Kate (kate_nepveu) wrote,

Fullmetal Alchemist, episodes 46-48 (dubs)

Almost done! Spoilers for episodes 46-48 of Fullmetal Alchemist below the cut; even hint at spoilers for the last three episodes (or the movie, or the OVAs) and I will kill you with my brain.

(Also, GIP, because I am easily amused.)

(No first-viewing notes this time, just thoughts reconstructed after, which may make this a bit scattered.)

Episode 46, "Human Transmutation": In which the Philospoher's Stone is used, and not by the Elrics.

Al thread first:

I believe I yelled at the TV for Al not to trust Tucker, especially after learning that he knew about the Homunculi running the country. Tucker knows why someone would choose not to use the Stone, because of what it cost, but doesn't let that stop him, or tell Al—and Al still seems to have divorced his knowledge about how the Stone was made from any emotional reaction about being it, let along using it; he just wants to restore his brother. More on this in the discussion of ep. 48.

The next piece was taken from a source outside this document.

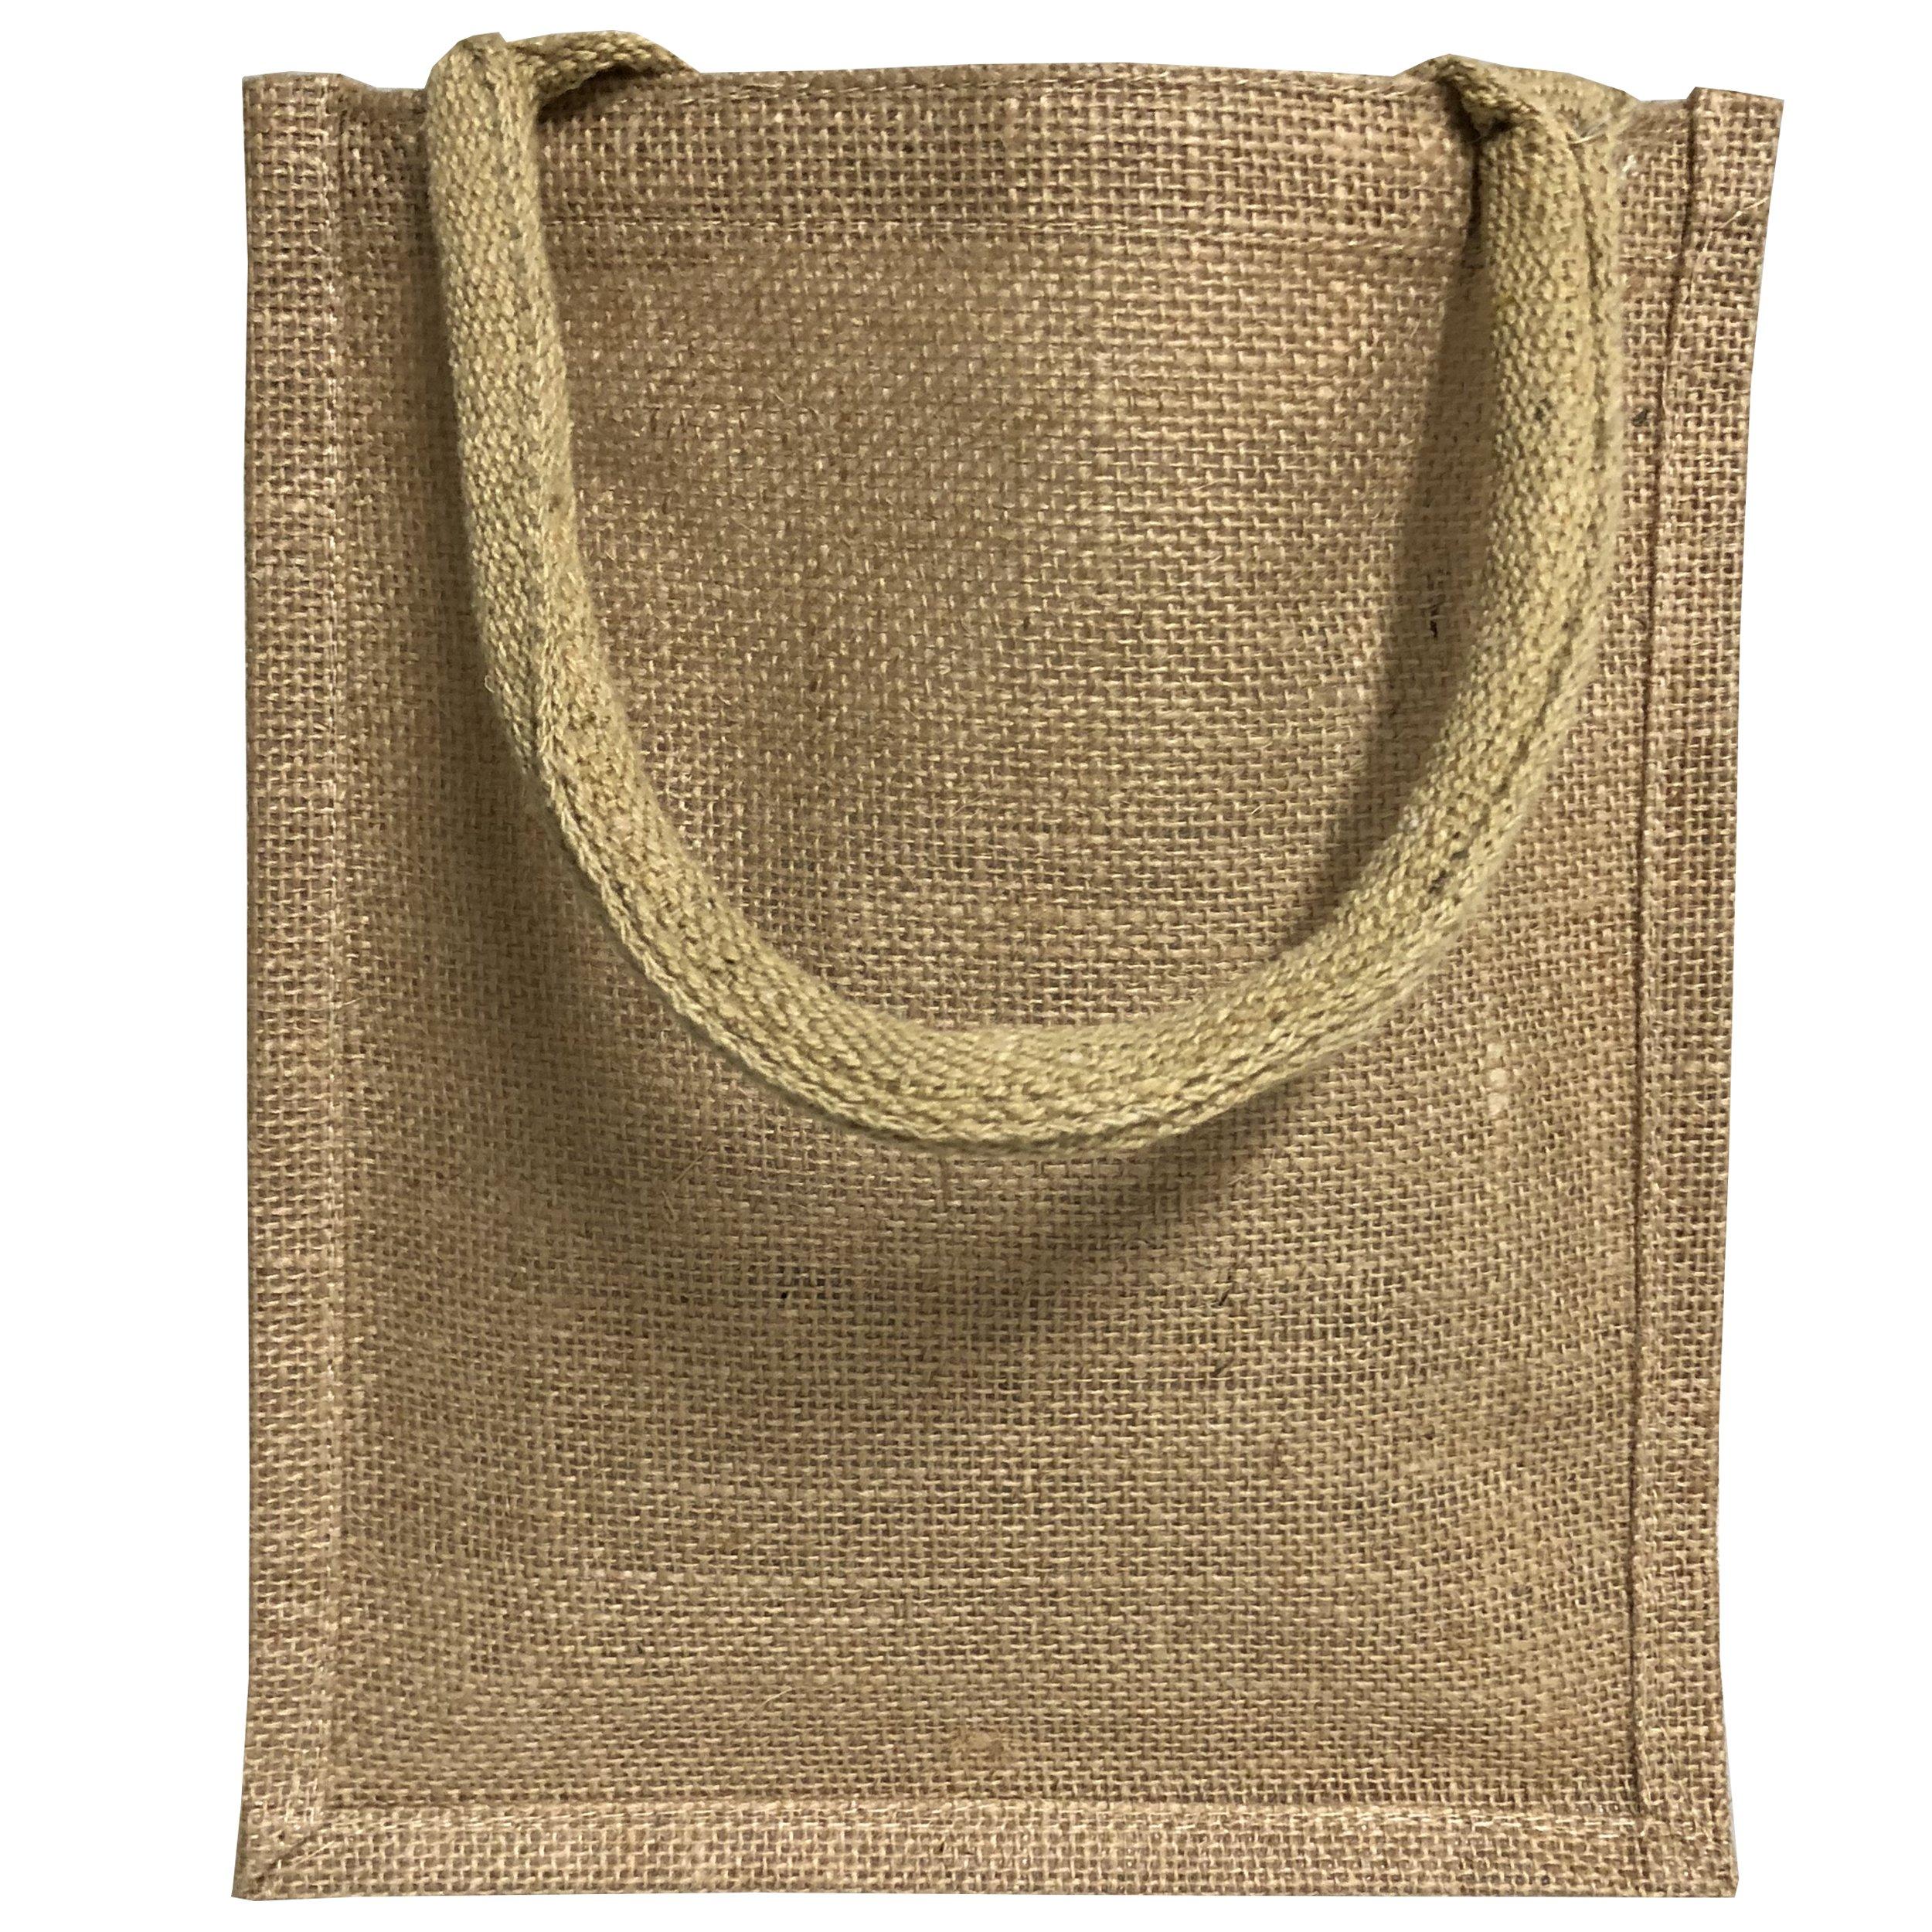 Small Burlap Bags Jute Burlap Gift Bags Bulk B887
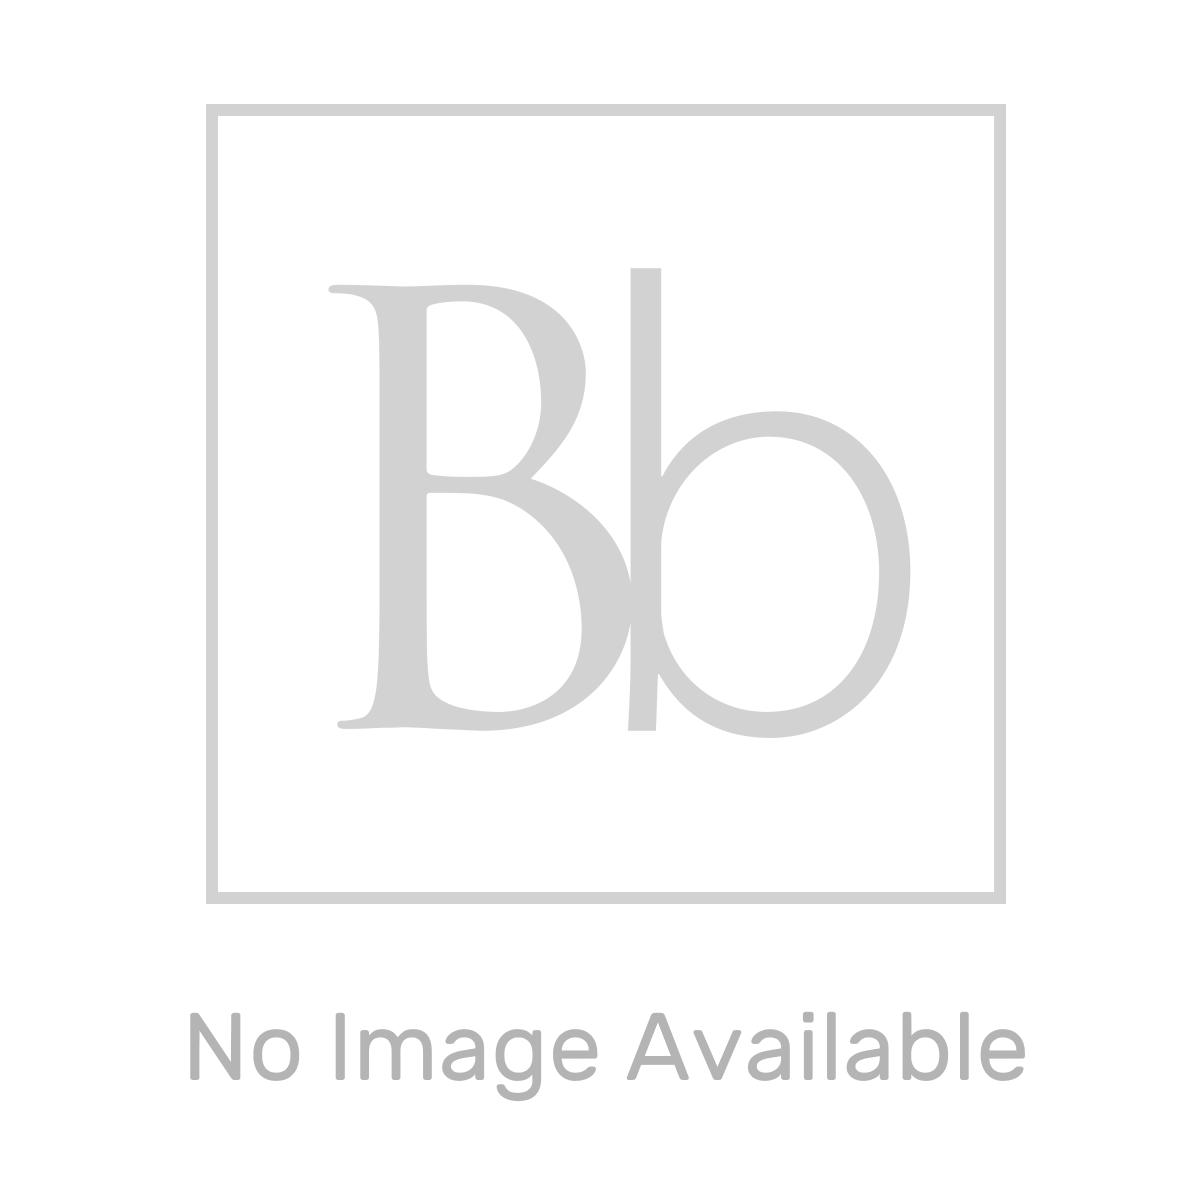 RAK Washington Grey Vanity Unit with Black Countertop 800mm Measurements

So now we learn that the Stone itself (not just a fragment) can be used up and is subject to equivalent exchange. I take it that's what happened to Hohenheim's Stone.

I didn't at first understand Al's statement at the end, "No! Brother? What's happening to me? Is this really the Philosopher's Stone?" Now I think it's more, is this really what happens when you use the Stone, rather than, is this actually the Stone and not something else.

Ed thread:

Dante's symbol is the Flamel snake, though she must've adopted it rather than creating it, given that it appears post-Gate on Al and Izumi (I presume). (And I still want to know if Ed has one on his body rather than his cloak. When did he stop wearing his cloak, anyway, and is it thematically significant when he stops or did he just lose it somewhere?)

The love letter uses Christian dating, which stopped being used a long time ago. We're given a year early in the series—1914—is this translated into Christian dating or given in whatever their new system is? It seemed about right in an alt-history kinda way.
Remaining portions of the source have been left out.